**AVAILABLE DATA**:
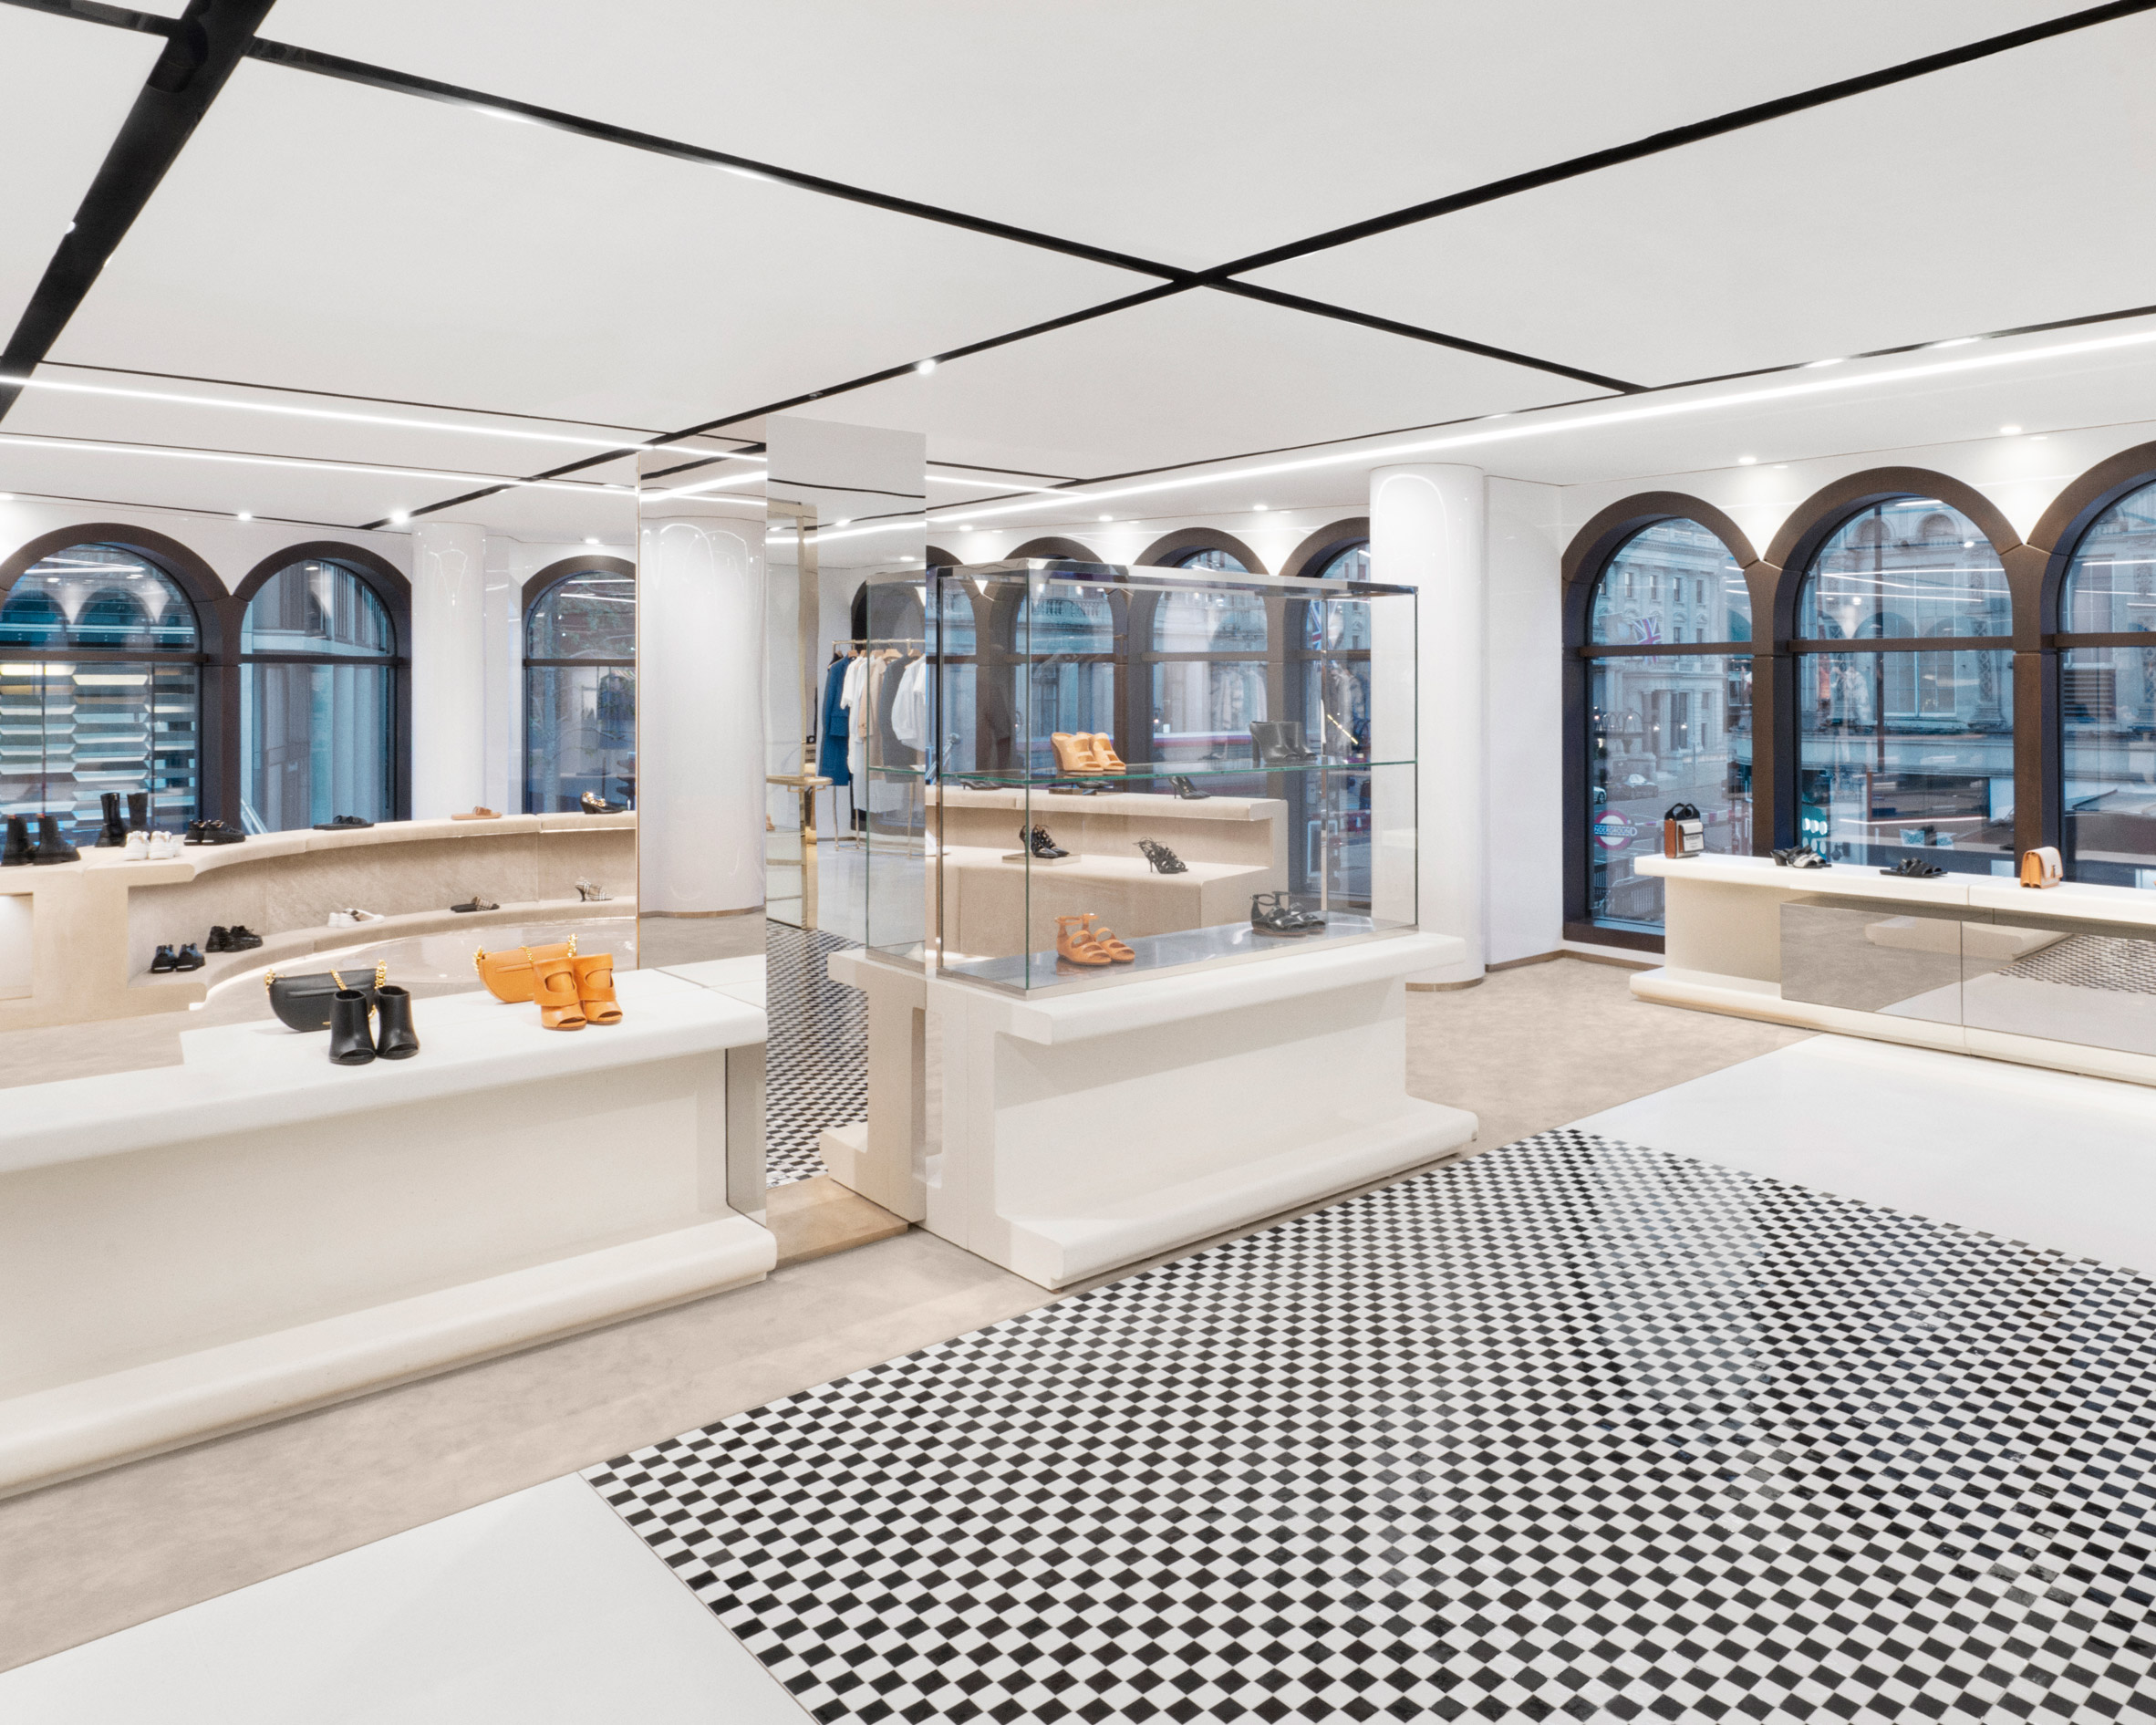 Curved shoe display and checkered floor tiles in No.1 Sloane Street by Vincenzo De Cotiis
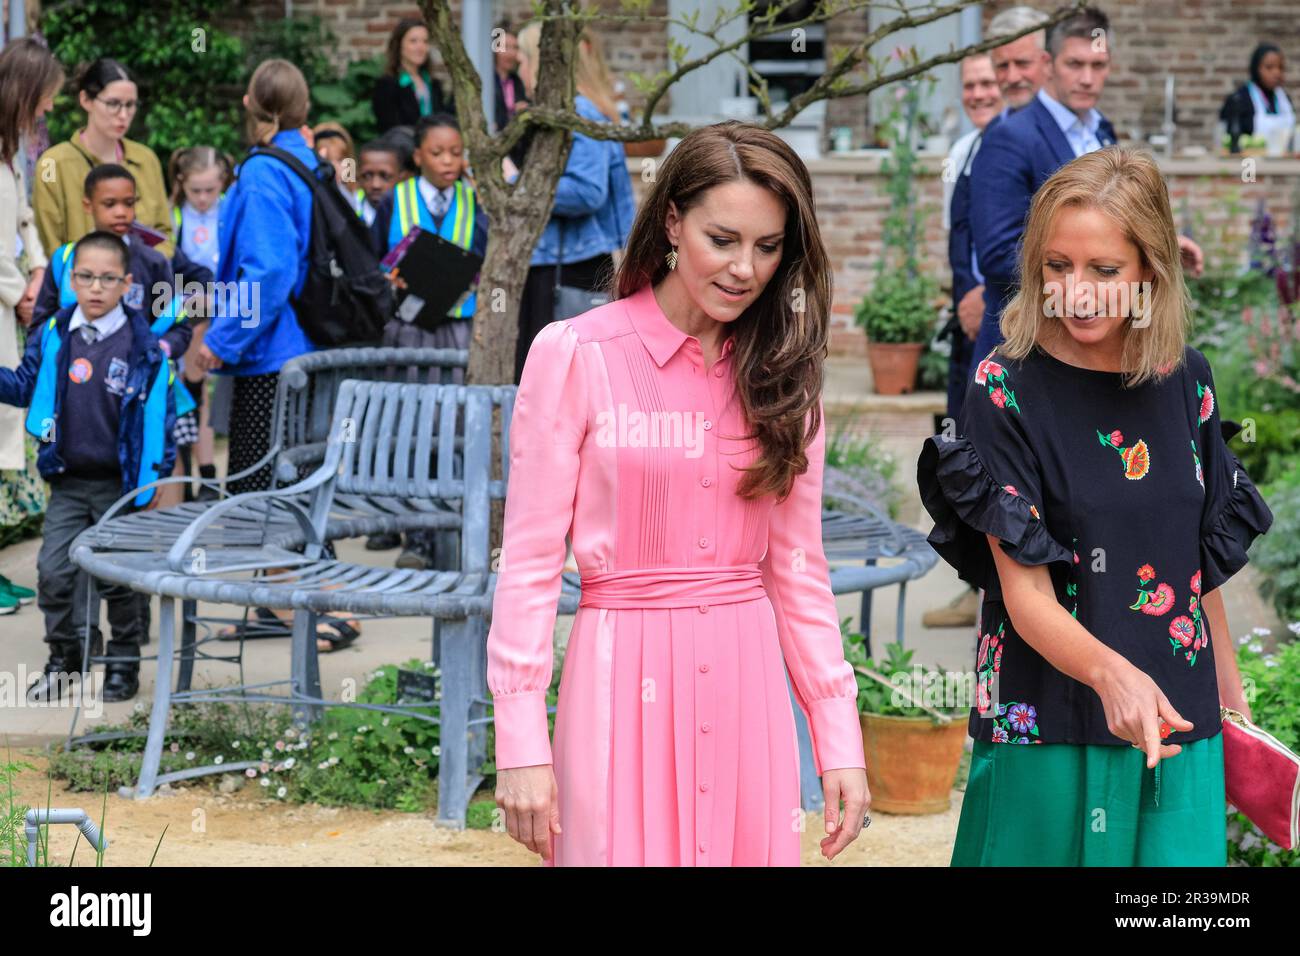 London, UK. 22nd May, 2023. Catherine, the Princess of Wales visits Chelsea Flower Show. She first meets school children for the first ever children's picknick at the show, then visited the Savill's Garden, Samaritans Garden and garden of the Royal Enthomological Society. Press day at the annual RHS Chelsea Flower Show, showcasing garden designs, products, floral displays and all things horticultural from May 23-27. Credit: Imageplotter/Alamy Live News Stock Photo
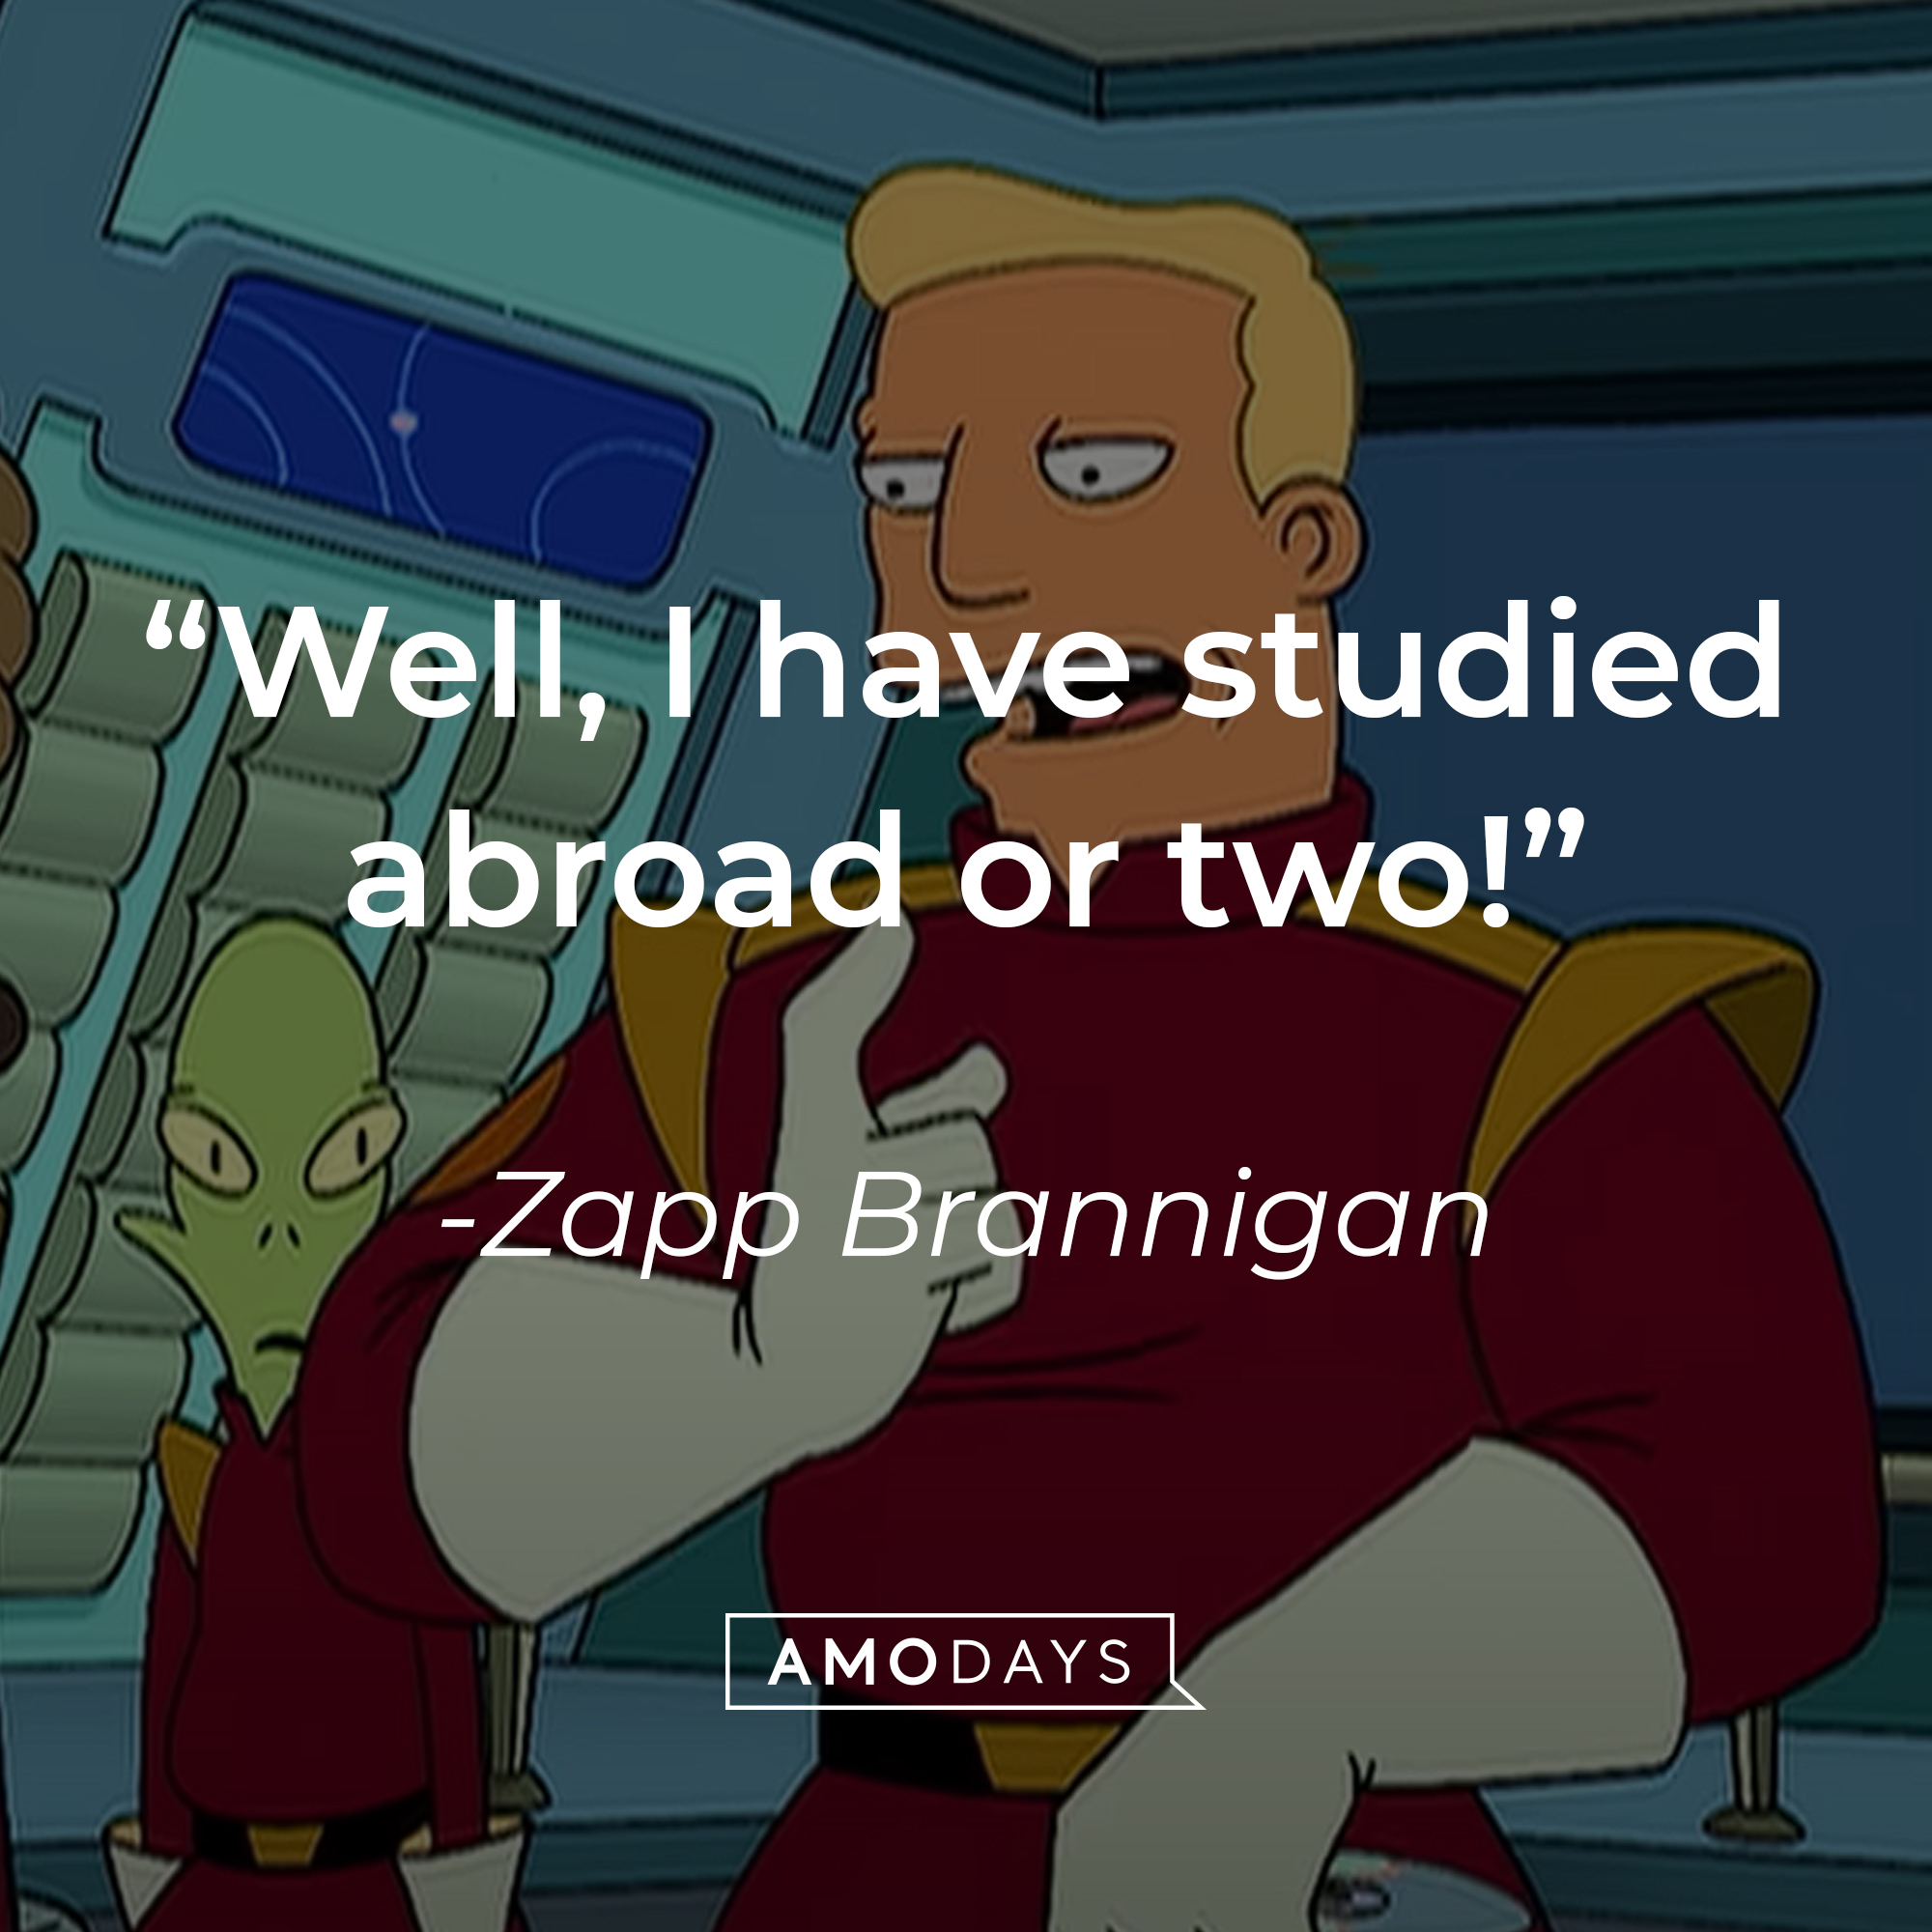 Zapp Brannigan's quote: "Well, I have studied abroad or two!" | Source: YouTube/adultswim

**TASK INSTRUCTIONS**:
Make an exact reproduction of the listing above, without any pictures.

**TASK SOLUTION**:
 Curved shoe display and checkered floor tiles in No.1 Sloane Street by Vincenzo De Cotiis
 London, UK. 22nd May, 2023. Catherine, the Princess of Wales visits Chelsea Flower Show. She first meets school children for the first ever children's picknick at the show, then visited the Savill's Garden, Samaritans Garden and garden of the Royal Enthomological Society. Press day at the annual RHS Chelsea Flower Show, showcasing garden designs, products, floral displays and all things horticultural from May 23-27. Credit: Imageplotter/Alamy Live News Stock Photo
 Zapp Brannigan's quote: "Well, I have studied abroad or two!" | Source: YouTube/adultswim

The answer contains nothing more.